Further generosity has been gratefully received from another art collector and Murdoch University Art Collection Board member Mr Jason Ricketts and his wife Robyn. The Ricketts have generously gifted an important painting titled "Flowering (Mourning)" by Gregor Pryor who is artist, writer and academic with a practice spanning thirty-five years. Pryor graduated from RMIT University with an emphasis on painting and this discipline continues to be the touchstone of his studio practice. Pryor art is very project centred and has often been informed by the stimulus of travel and seeing new places through foreign eyes. These eyes arrived in Western Australia in 2003 and continue to discover new forms and concepts that have driven his practice since then. There is a strong emphasis on place and the role that botanical endemism and loss plays in shaping the landscape.

Above: Gregory Pryor - Flowering (Mourning), 2009, oil on linen, 56 individual panels with total dimensions of 330 cm x 372.5 cm. Donated through the Australia Government’s Cultural Gifts Program by Jason and Robyn Ricketts.
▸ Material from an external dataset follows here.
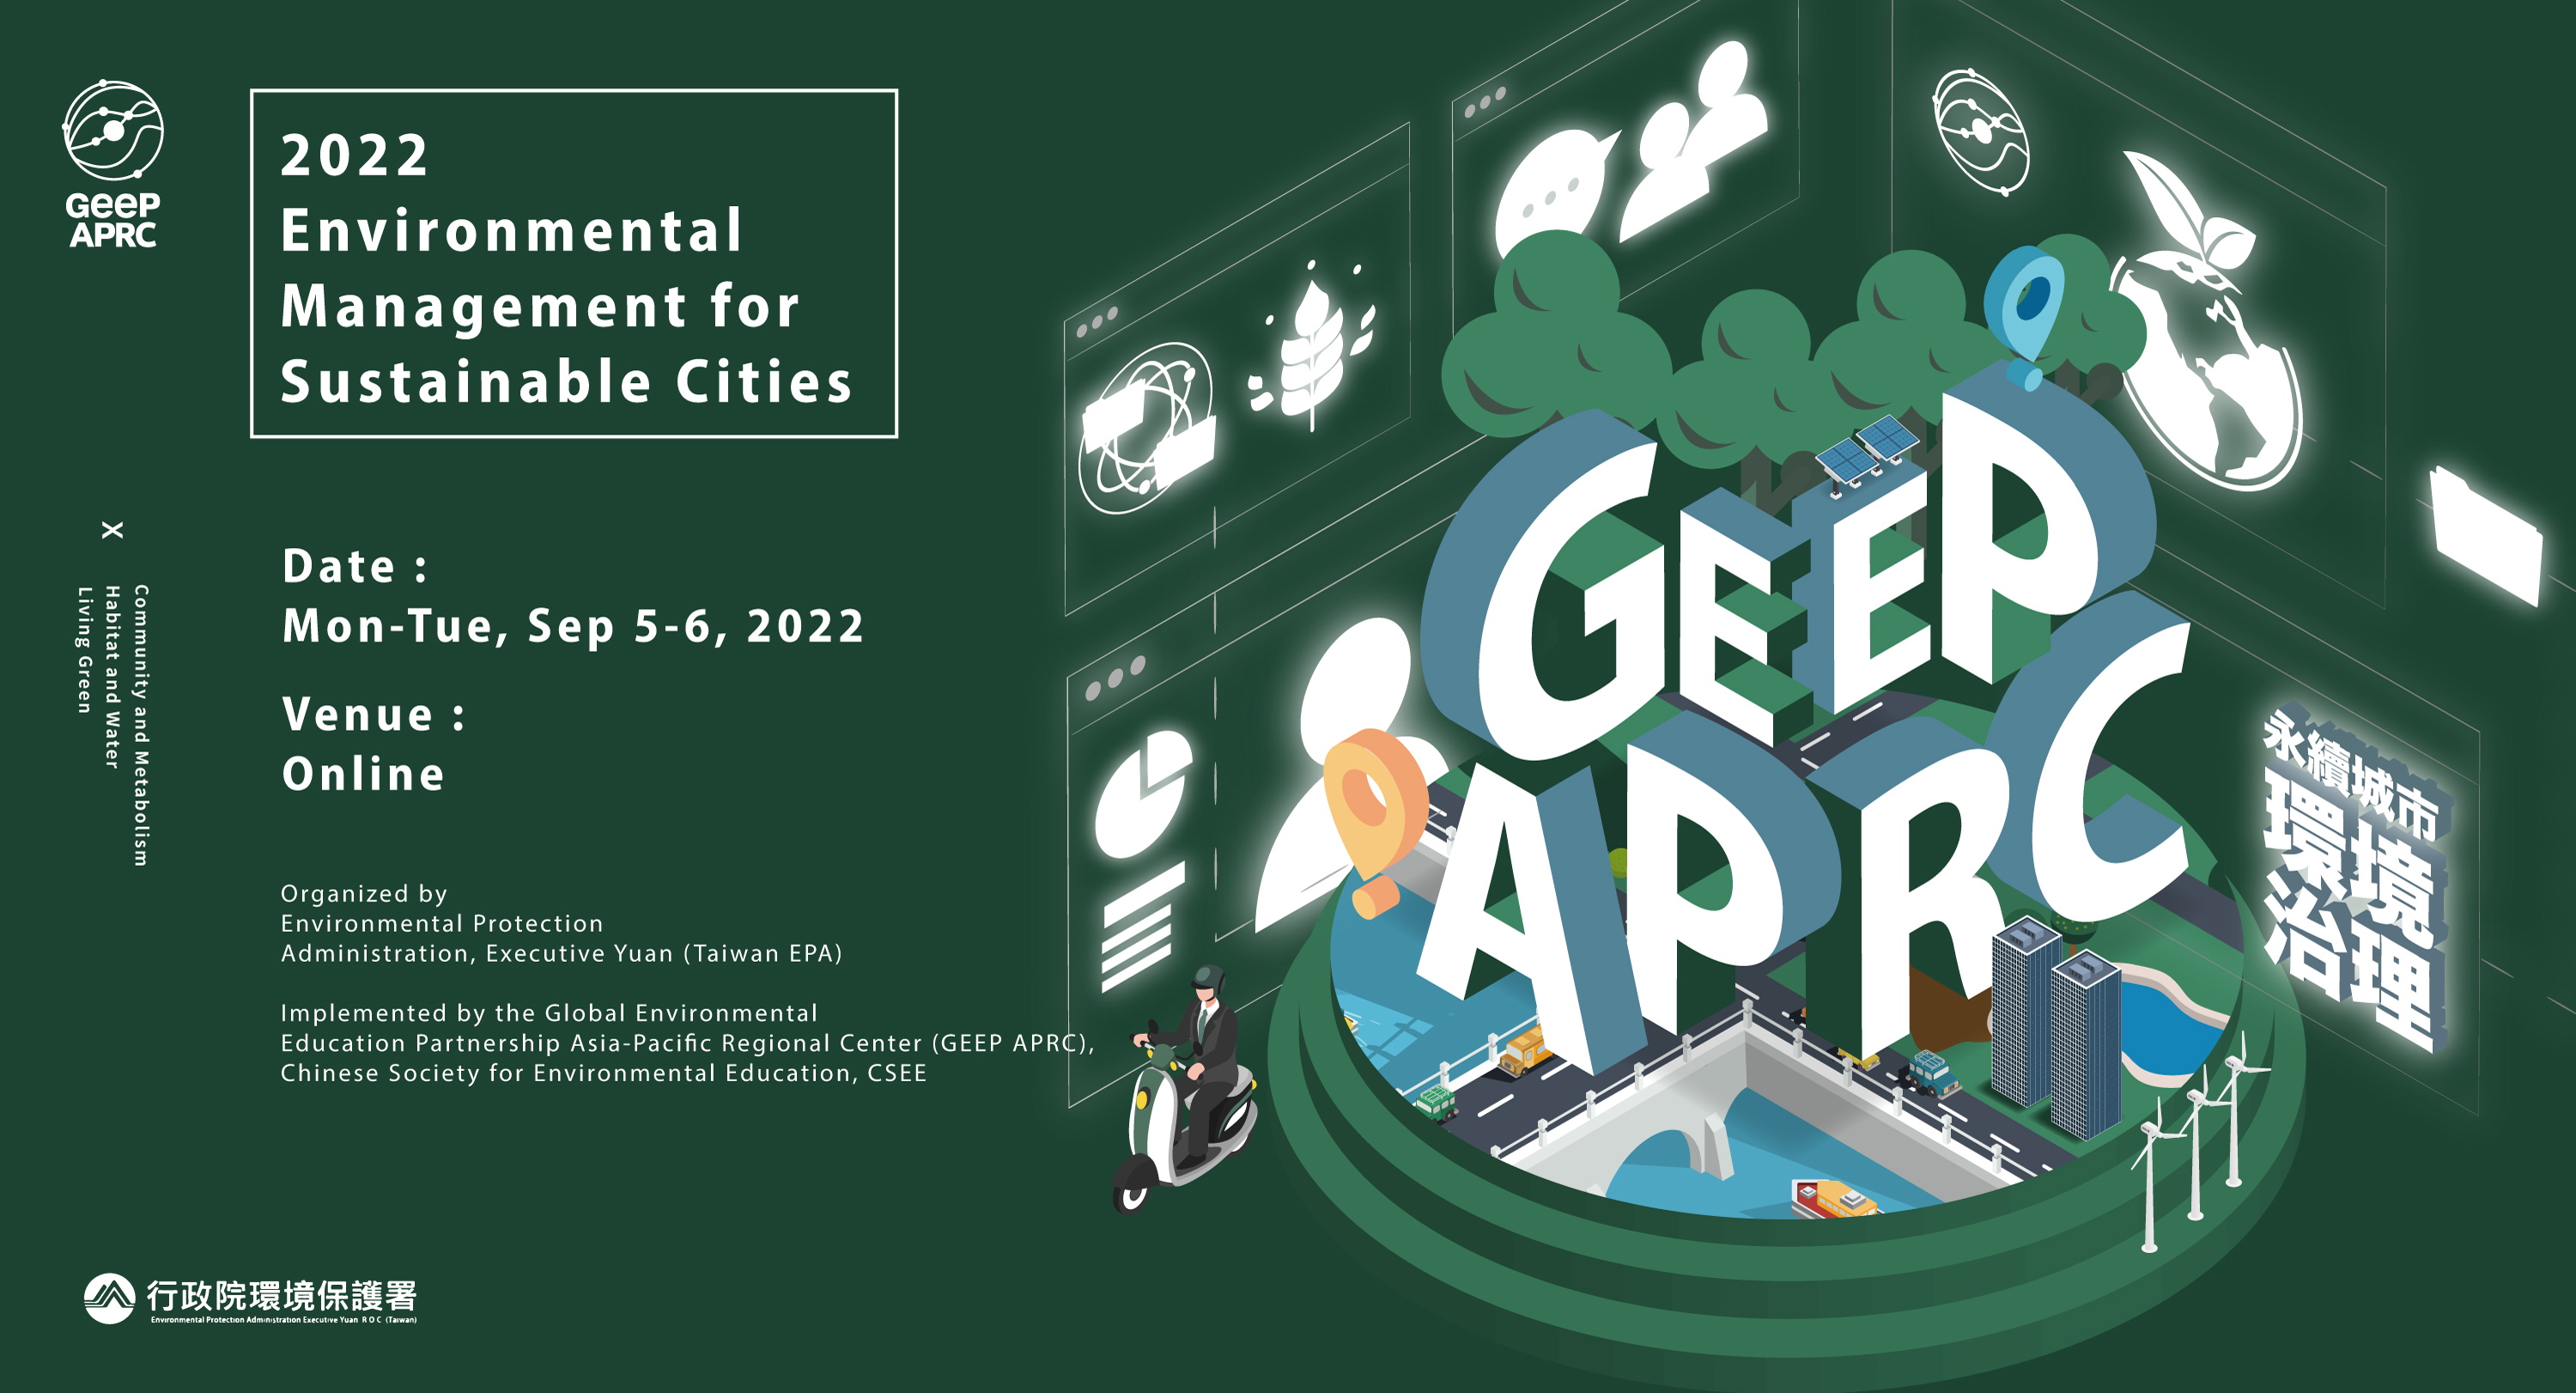 【Upcoming Event】2022 Environmental Education International Workshop - Environmental Management for Sustainable Cities Will be Held Online
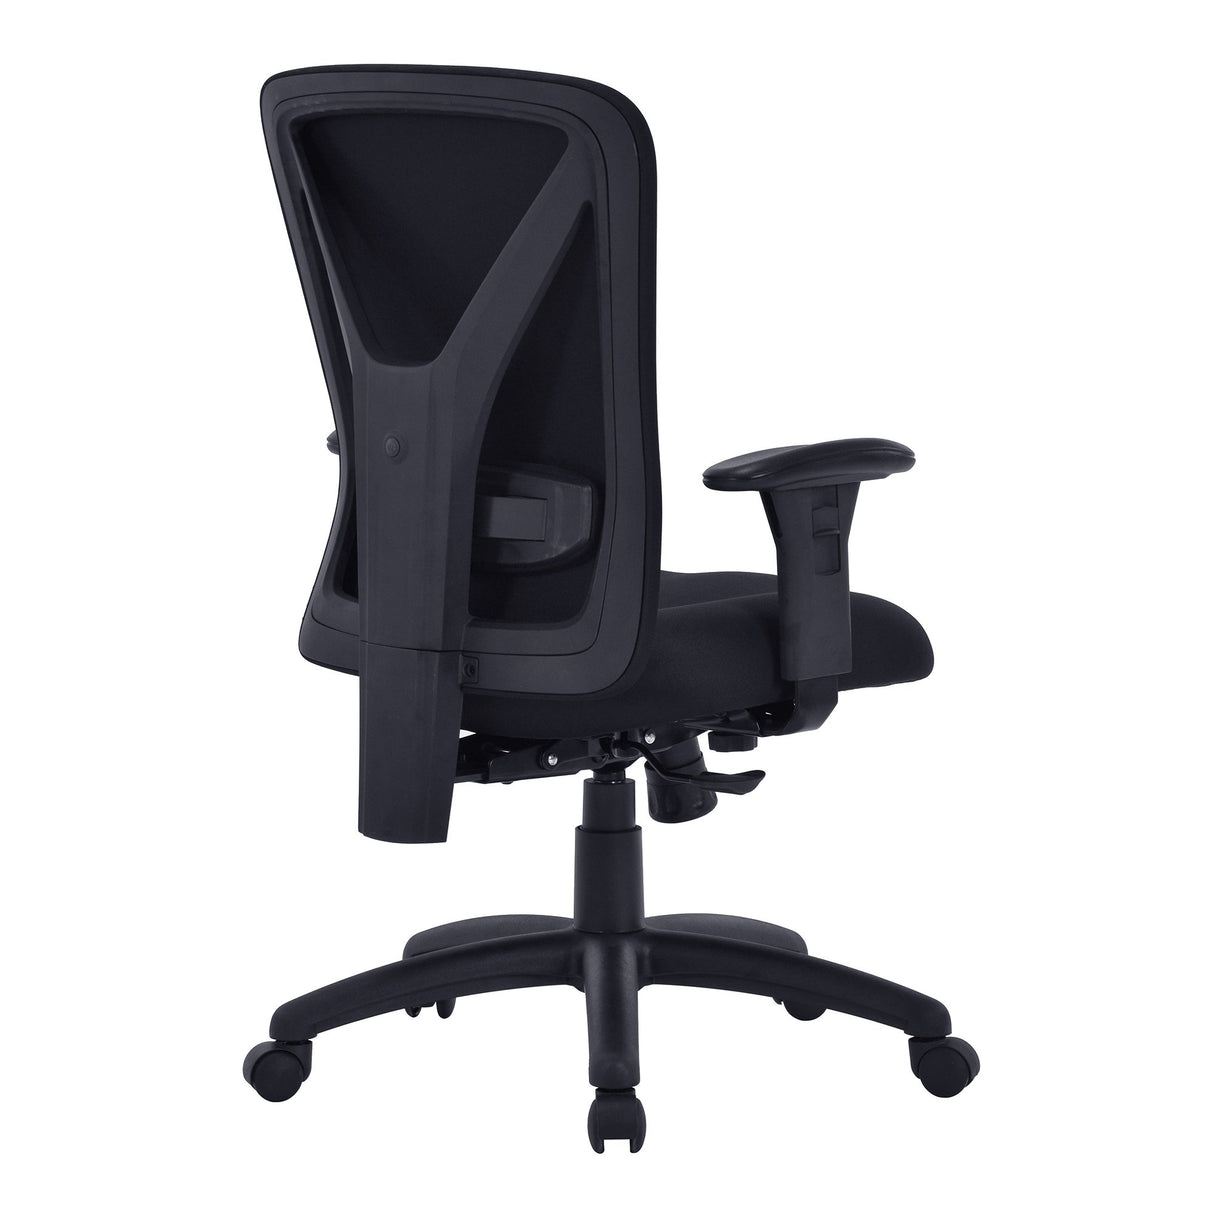 Nautilus Designs Fortis Bariatric Task/Manager Chair with Integrated Lumbar Support - Black

The creation of “Flowering (Mourning)” was the result of a number of field trips Pryor undertook to Malpa country in the goldfields region of Western Australia. During one of the field trips Pryor encountered a single desert kurrajong (Brachychiton gregorii F. Muell.) in flower that stopped him in his tracks, as it stood out from its surroundings of low granite outcrops, straggly old acacias and the dry and brittle scattered undergrowth. It was lit by the early morning sun, making it glow even more dominantly from its surrounds, with the luxuriant green leaf-cover glistening and sparkling from the muted tones elsewhere. On approach, he noticed that the emu footprint-like leaves and the intense inflorescence had attracted swarms of bees and other insects, industriously extracting benefit from what looked like a complete ecosystem. This ‘newness’ and abundance of life was a marked contrast to the stillness and timelessness of the surrounding environment.
In so many ways, this tree looked alien, or somehow mysteriously and inexplicably transplanted to this site. Pryor later learned about its ubiquitous presence in vast areas of the Yilgarn craton, and how it had survived and adapted to the harsh climate. As a rare non-sclerophyll and deciduous tree in this landscape, it is an outlier, but for Pryor, its tidy straight trunk and uniform canopy was more reminiscent of the trees that proliferated in the western canon of landscape painting that had emerged from the more uniform forests of Europe.
We are deeply grateful to Kevan Goodall and Jason and Robyn Ricketts for donating these remarkable artworks through the Federal Government’s Cultural Gifts Program. With their scale, presence, and conceptual richness these paintings will be cornerstones of our Collection allowing future generations of students, researchers, and visitors to engage with the depth of these artists’ talent and vision. We look forward to celebrating the success of the “Gold Horizon” 50th Anniversary artwork donation campaign in an exhibition titled “Framing Tomorrow” that will be launched at Murdoch University Art Collection’s annual soirée held on Saturday 22nd November 2025.